● TASK DIRECTIONS: Copy the following data exactly and drop the pictures.

● DATASET SECTION:
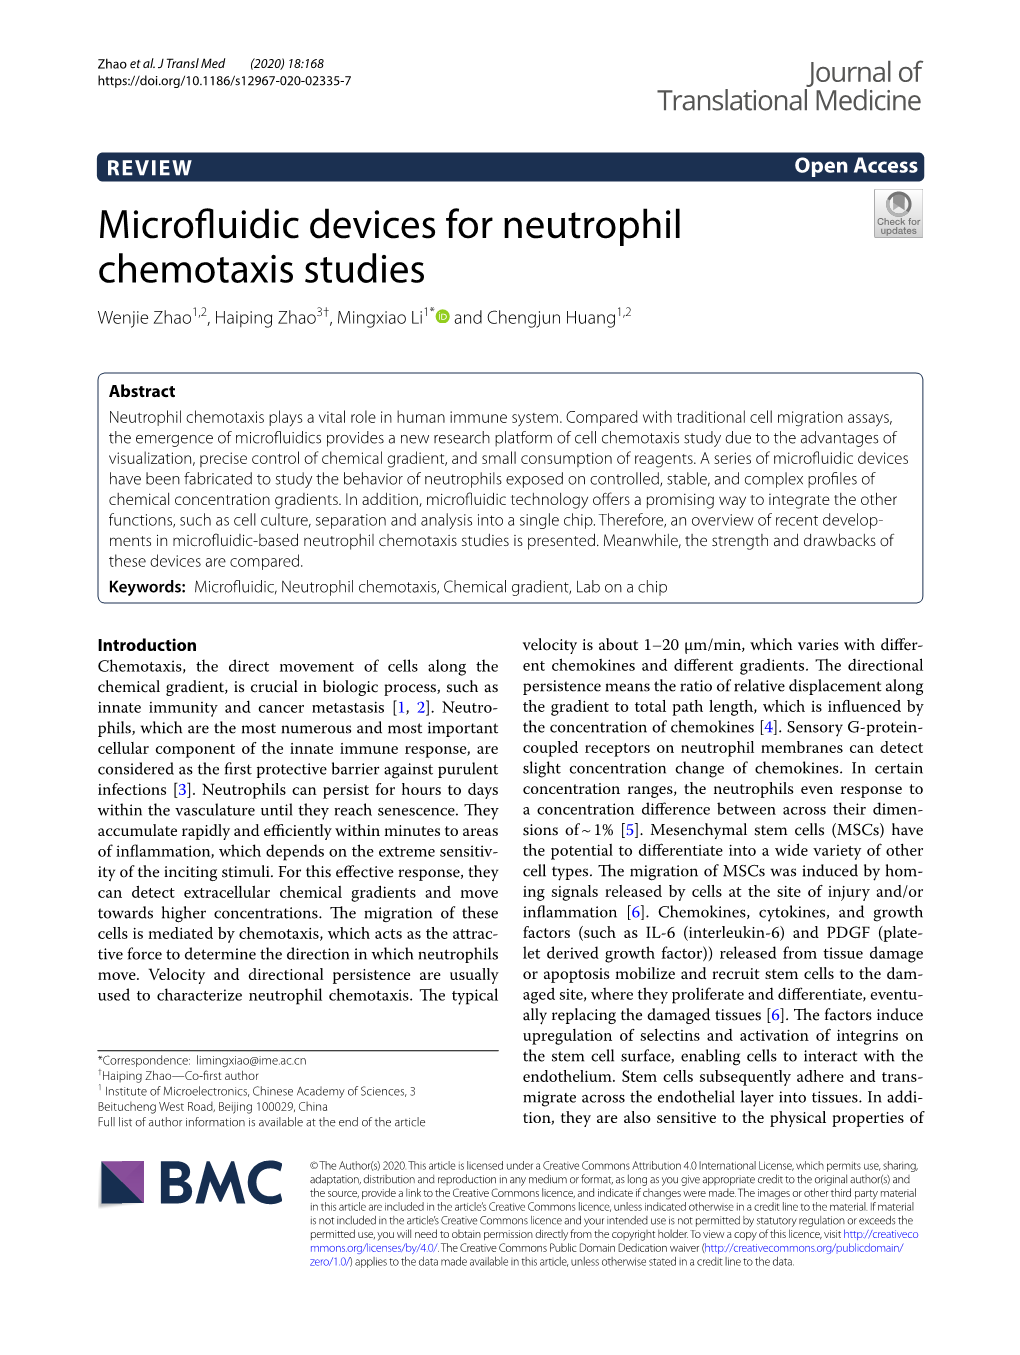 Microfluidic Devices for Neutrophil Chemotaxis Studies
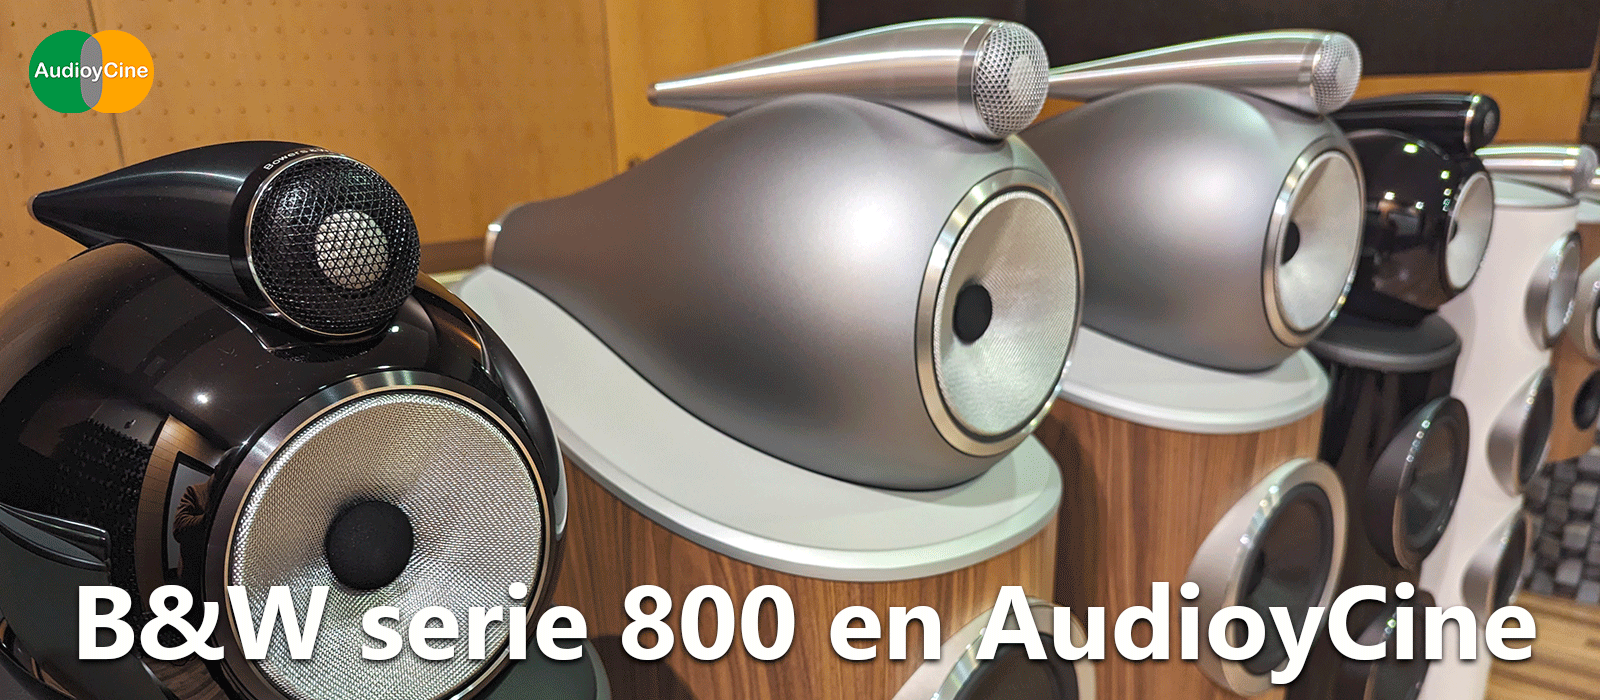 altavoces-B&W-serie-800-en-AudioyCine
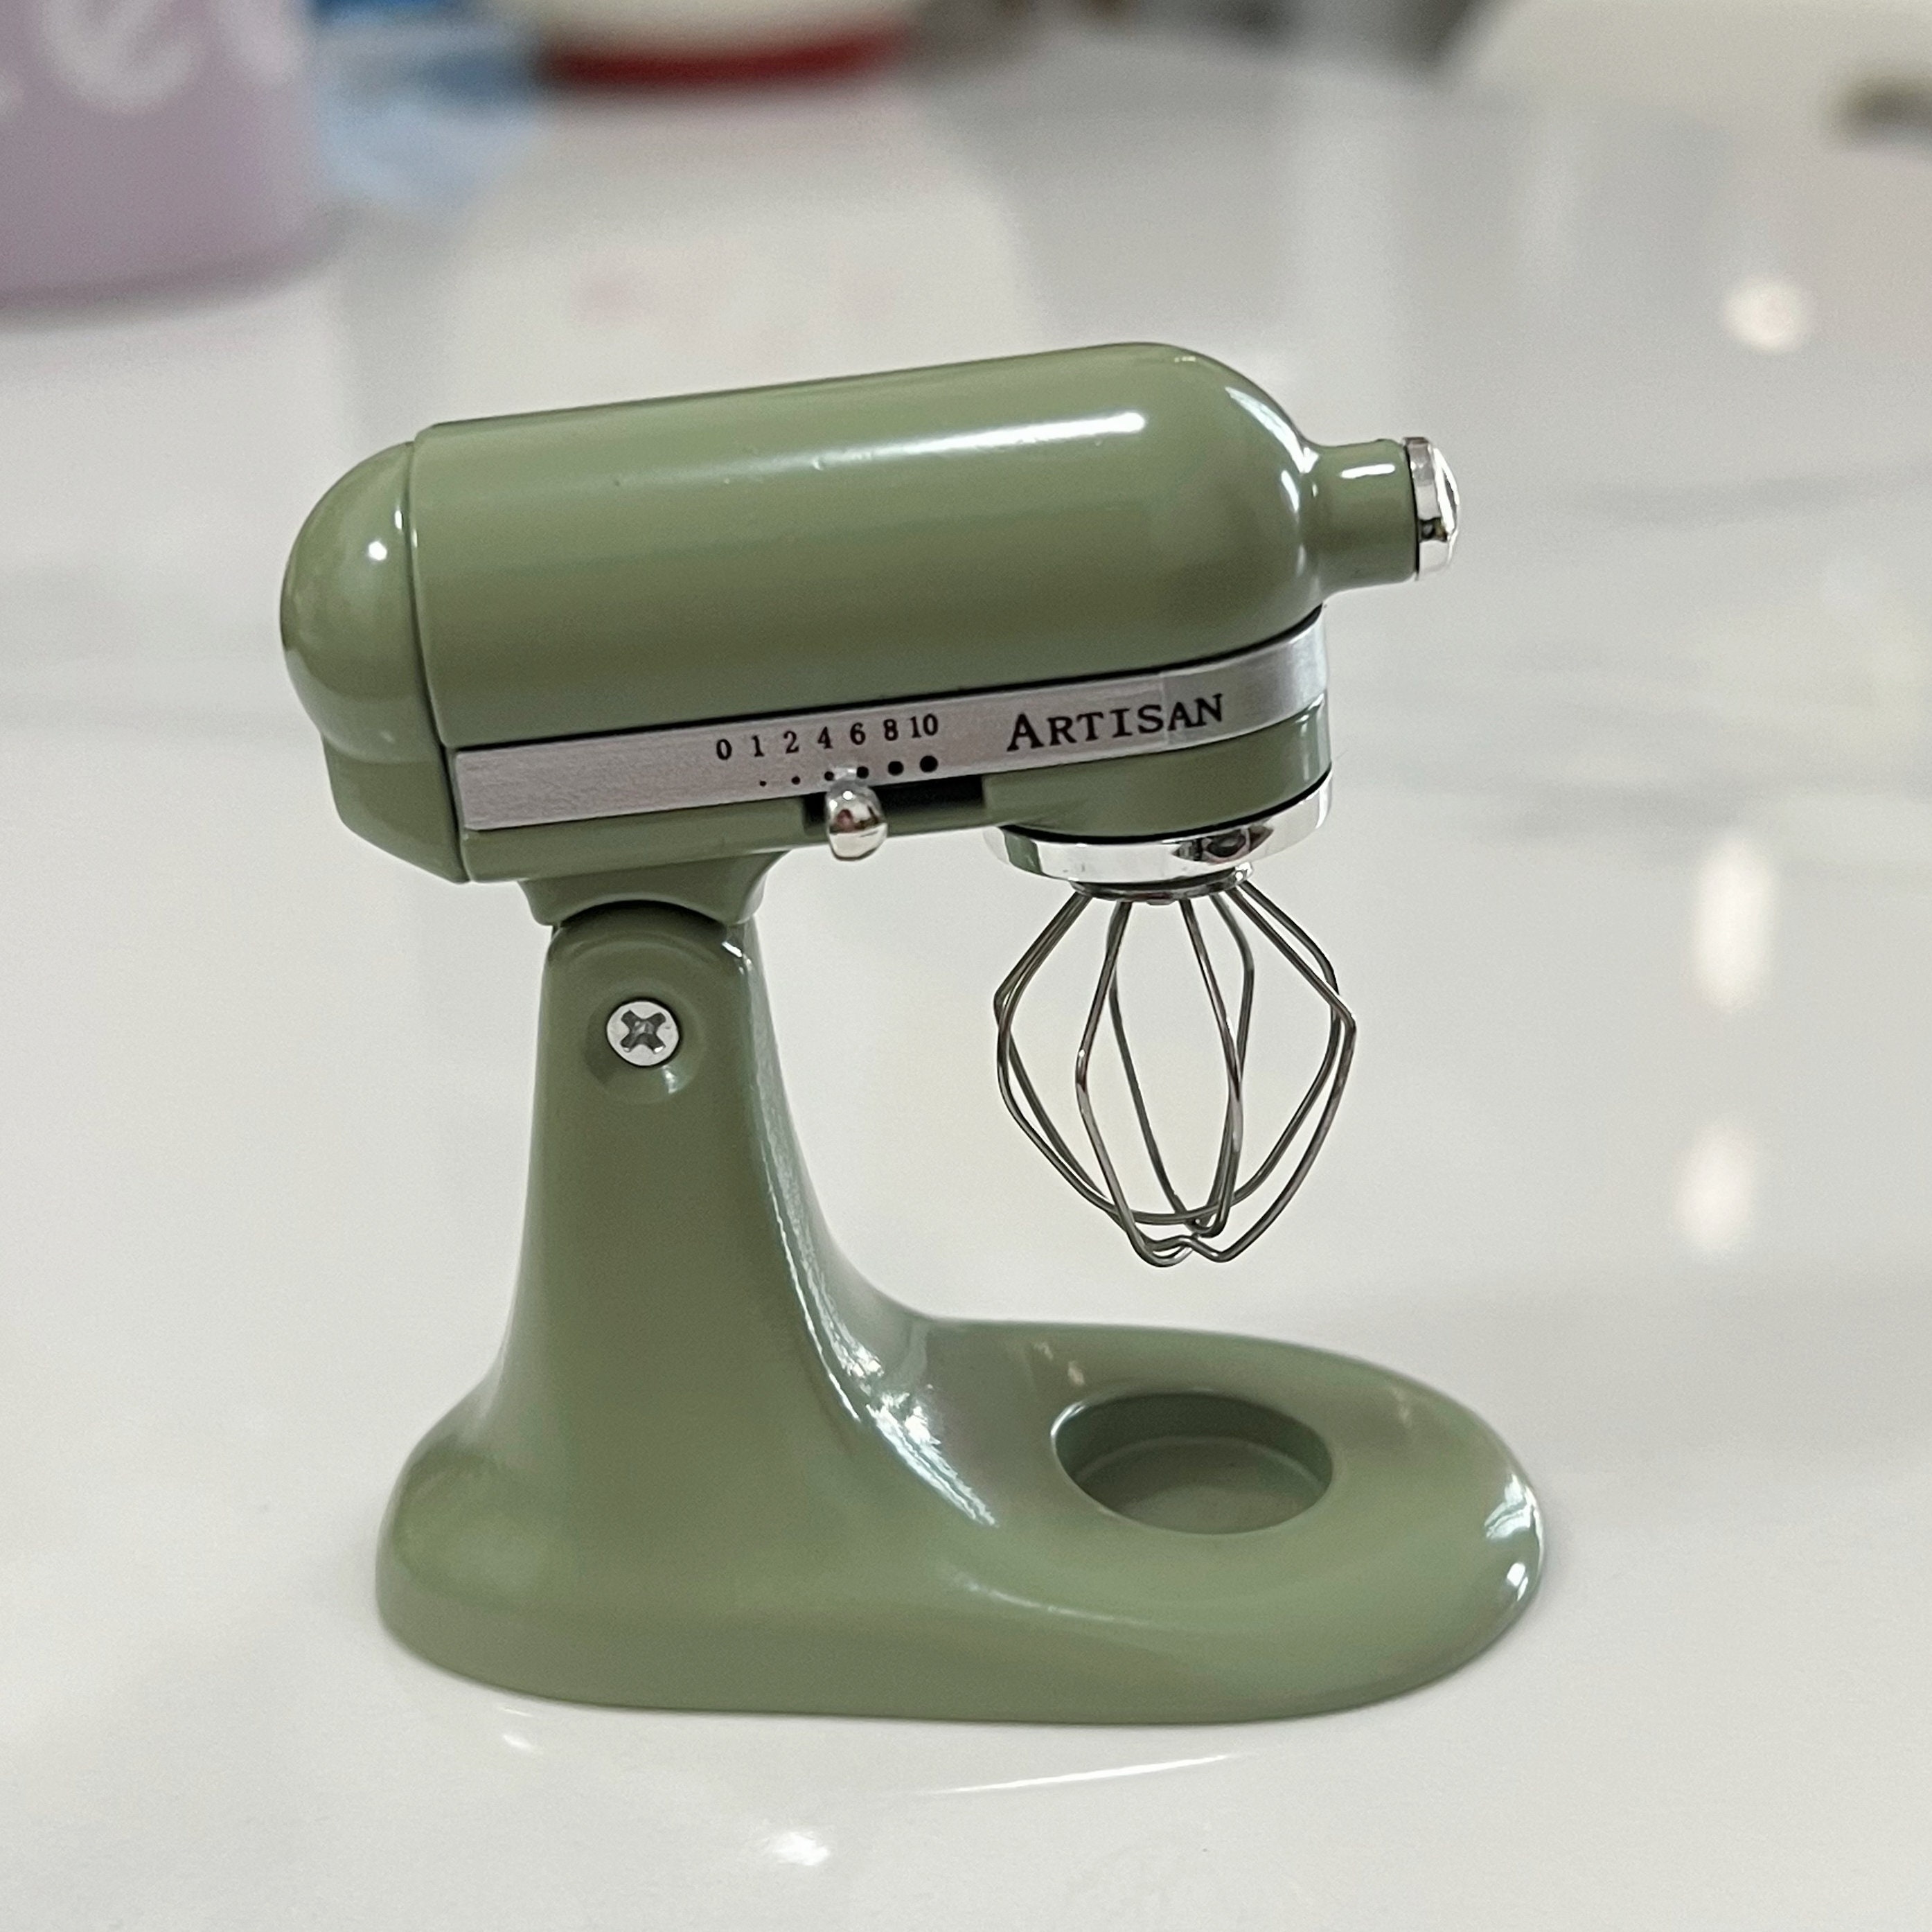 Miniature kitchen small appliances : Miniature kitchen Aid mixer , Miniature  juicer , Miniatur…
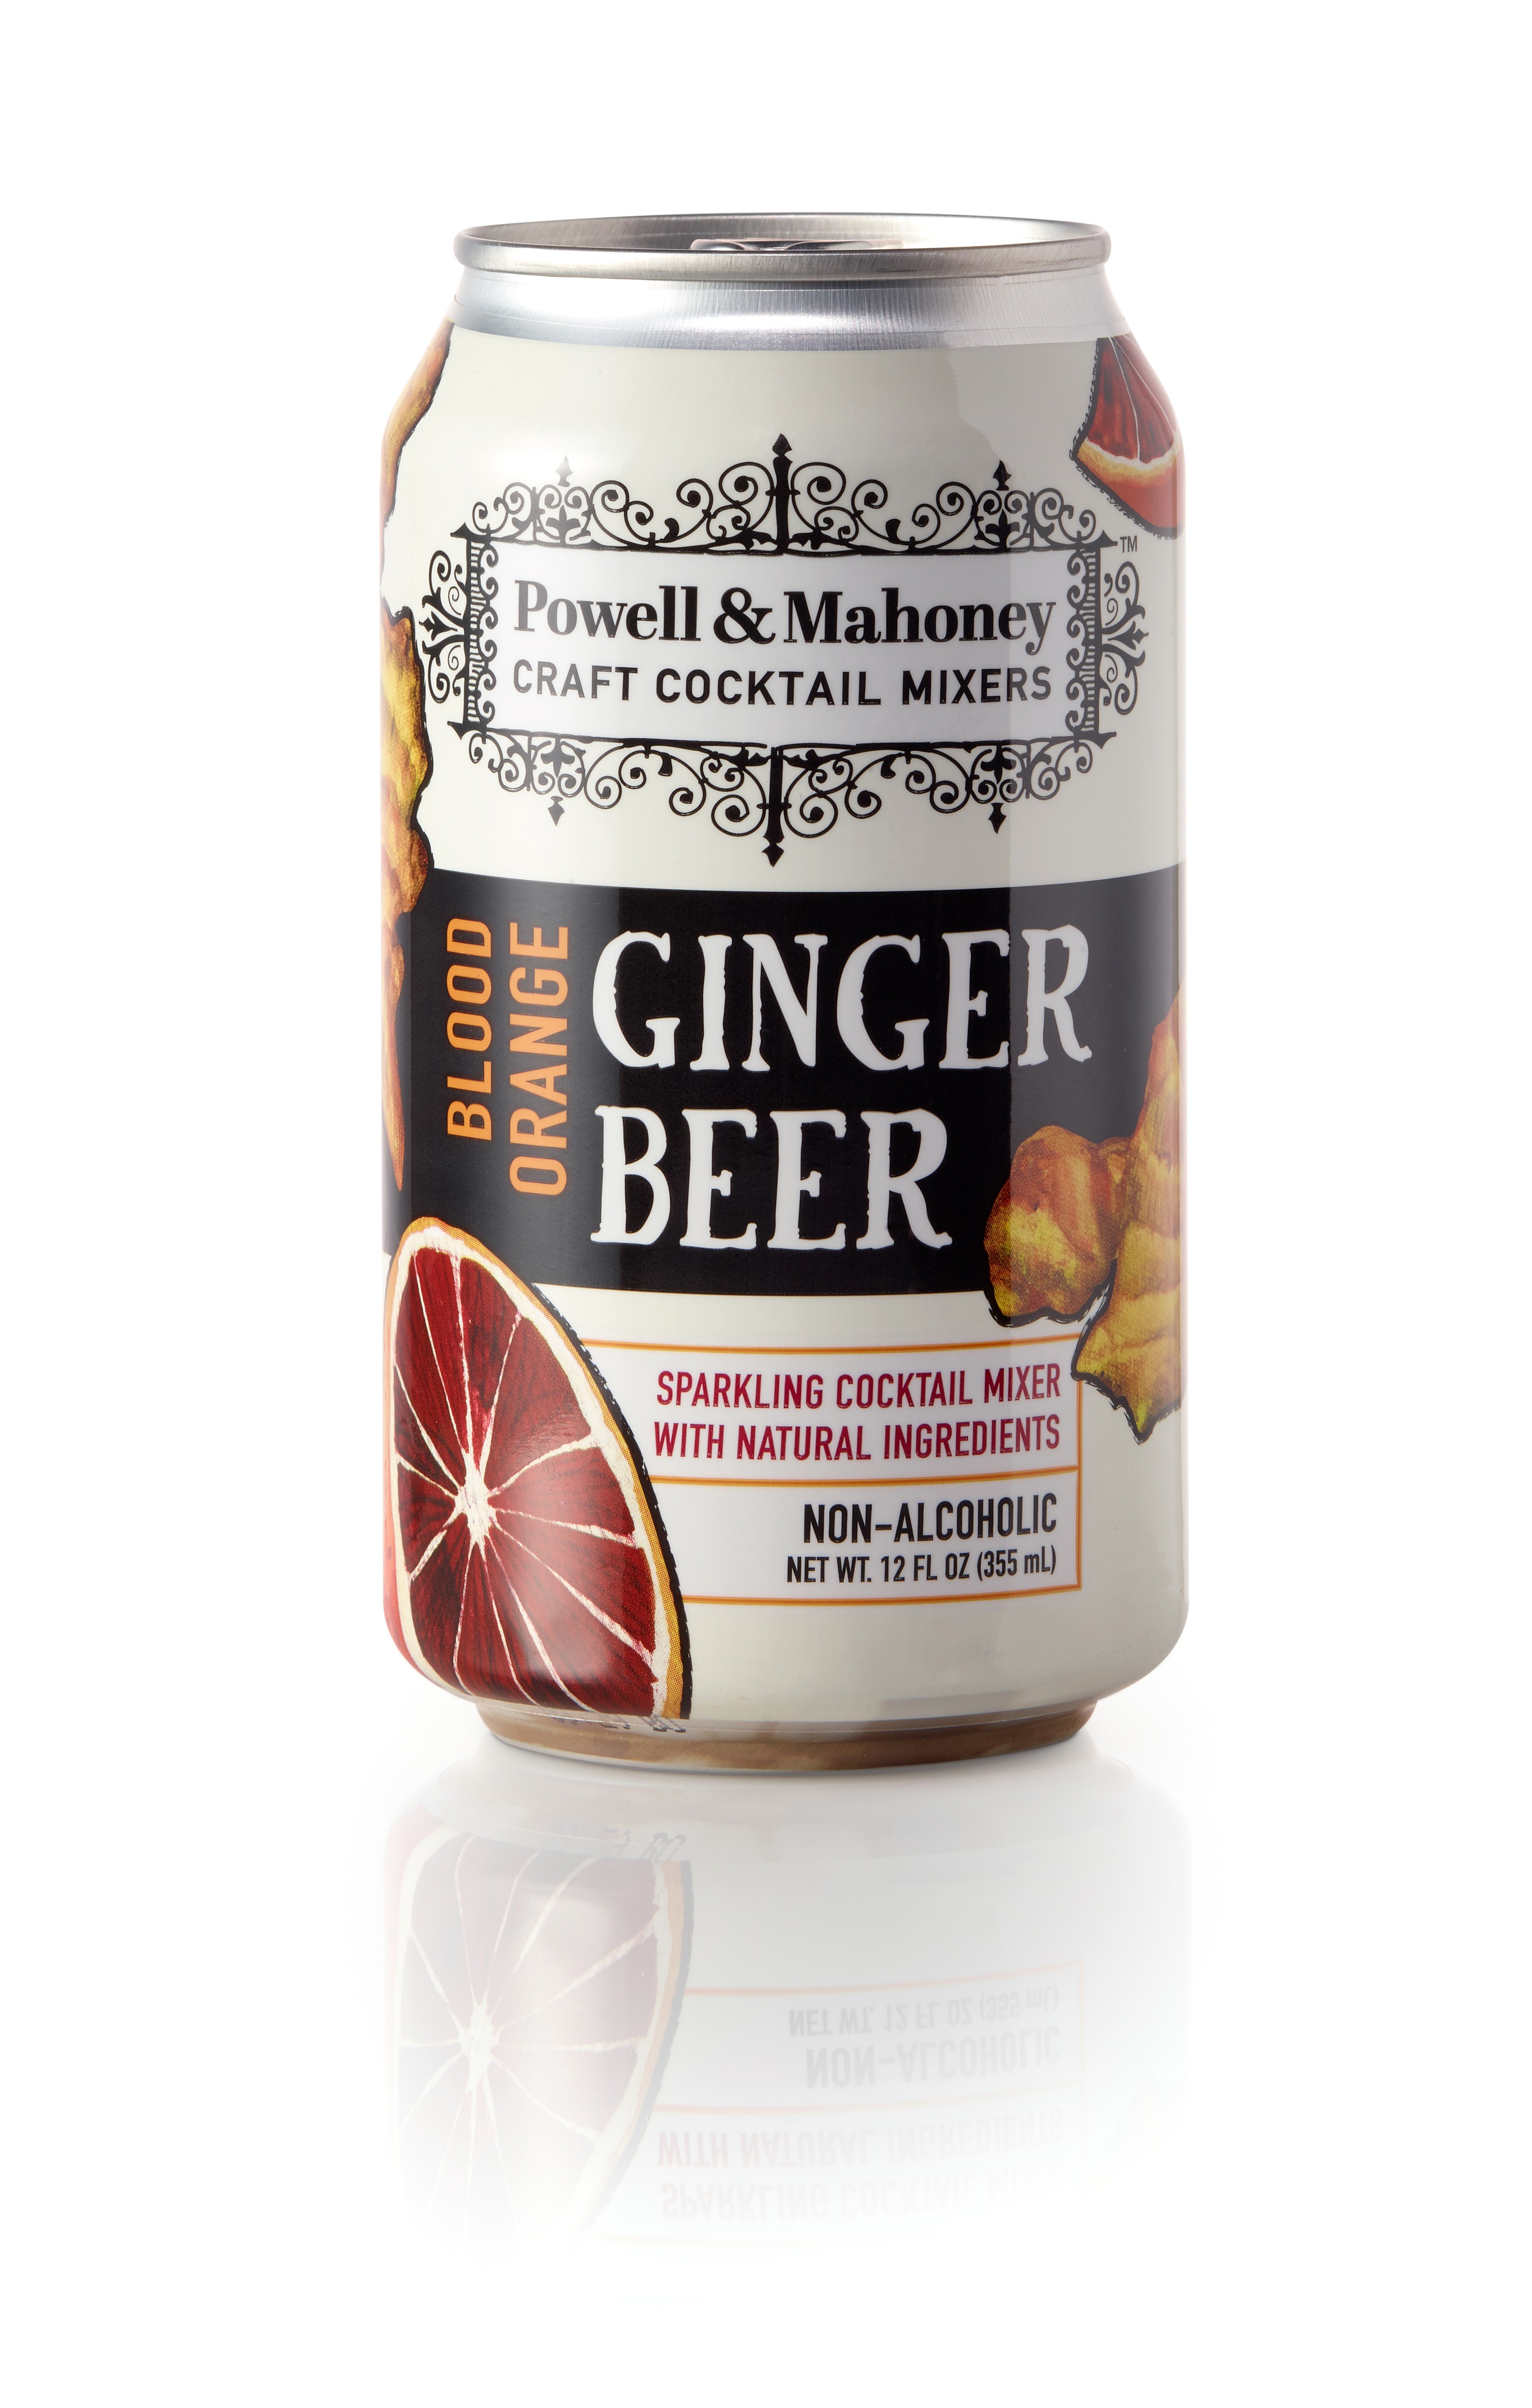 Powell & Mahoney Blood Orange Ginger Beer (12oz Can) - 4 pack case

● SOLUTION FOR THIS EXERCISE:
 Microfluidic Devices for Neutrophil Chemotaxis Studies
 altavoces-B&W-serie-800-en-AudioyCine
 Miniature kitchen small appliances : Miniature kitchen Aid mixer , Miniature  juicer , Miniatur…
 Powell & Mahoney Blood Orange Ginger Beer (12oz Can) - 4 pack case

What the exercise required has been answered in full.